May 12, 2017 - Maja Hinrichs for SoGerman
In August 1880, eight Inuit from Labrador travelled together with Norwegian adventurer Johan Adrian Jacobsen to Germany. In hopes of earning money to pay off debt, they had agreed to become part of an ethnographic show of German menagerie owner Carl Hagenbeck. Yet they didn’t realize what it meant to have thousands of people in a single day staring at them. As part of the zoo’s exotic exhibits, they moved to several European cities. They soon begun to miss home, but would never see it again. Their story ended tragically — all eight Labrador Inuit died of smallpox in Europe within four months after their journey across the ocean.
One of the eight Inuit was Abraham Ulrikab. He captured their story in his diary, an irreplaceable document for researchers like France Rivet.
France worked in the IT sector before being introduced to the Inuk’s story. Over the past years, the Canadian has traced Abraham’s story, travelling to all European cities where the Inuit were exhibited: Hamburg, Berlin, Prague, Frankfurt, Darmstadt, Krefeld, and Paris, where Abraham and his last companions passed away and their human remains still are. She spent hours in European archives, studying old documents to find out what really happened to the group.

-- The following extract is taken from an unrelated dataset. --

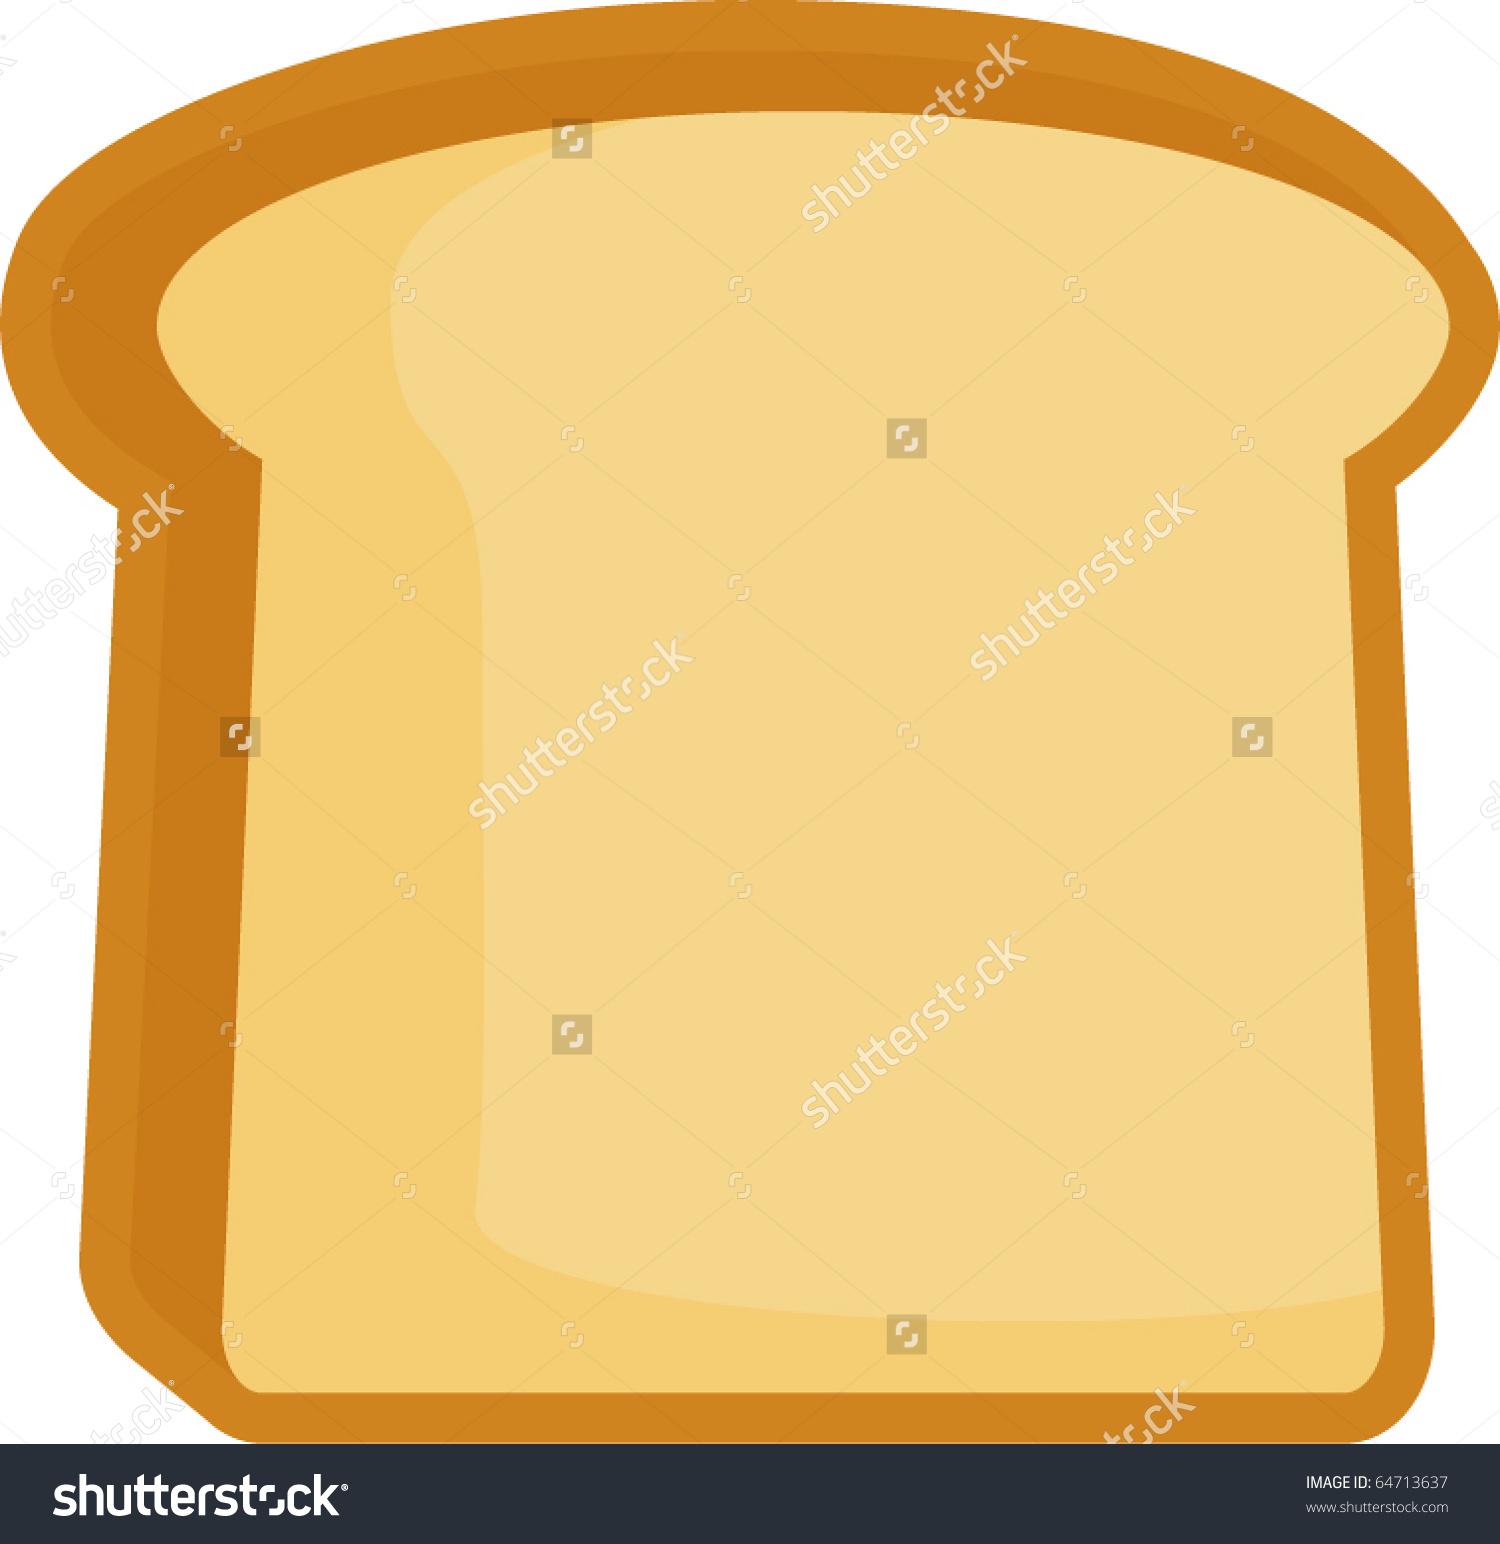 Toast clipart slice bread Slice Slice  bread Bread

The first time France heard about Abraham Ulrikab, she was on a cruise ship near Labrador’s coast in the summer of 2009.
“I noticed a man. He was everywhere around that ship, two cameras on his neck and I thought ‘Who is this person?’ He had the same hat as me. So I decided to talk to him,” says France.
The man was German-Canadian photographer Hans-Ludwig Blohm. He introduced her to the book of The diary of Abraham Ulrikab: text and context. He had donated copies of the book to the ship’s library and suggested that France should read it.
On board, she also met an Inuk lady originating from Hebron, Abraham’s hometown. They talked about Abraham’s story and decided: something had to be done.
After her extensive research in Europe, France published a book called In the Footsteps of Abraham Ulrikab. She also did research for the documentary Trapped in a Human Zoo, which was presented in David Suzuki’s CBC show The Nature of Things.
“These eight individuals paid the ultimate price for their mere desire to improve their living conditions, and to see ‘civilized’ Europe. In Europe, the Inuit entertained the crowds, and enabled entrepreneurs to pocket profits. They were studied by anthropologists who were thrilled to have ‘savages’ from these distant lands in their midst,” says France.
“To me uncovering and telling their whole story was the least I could do to honor their memory.”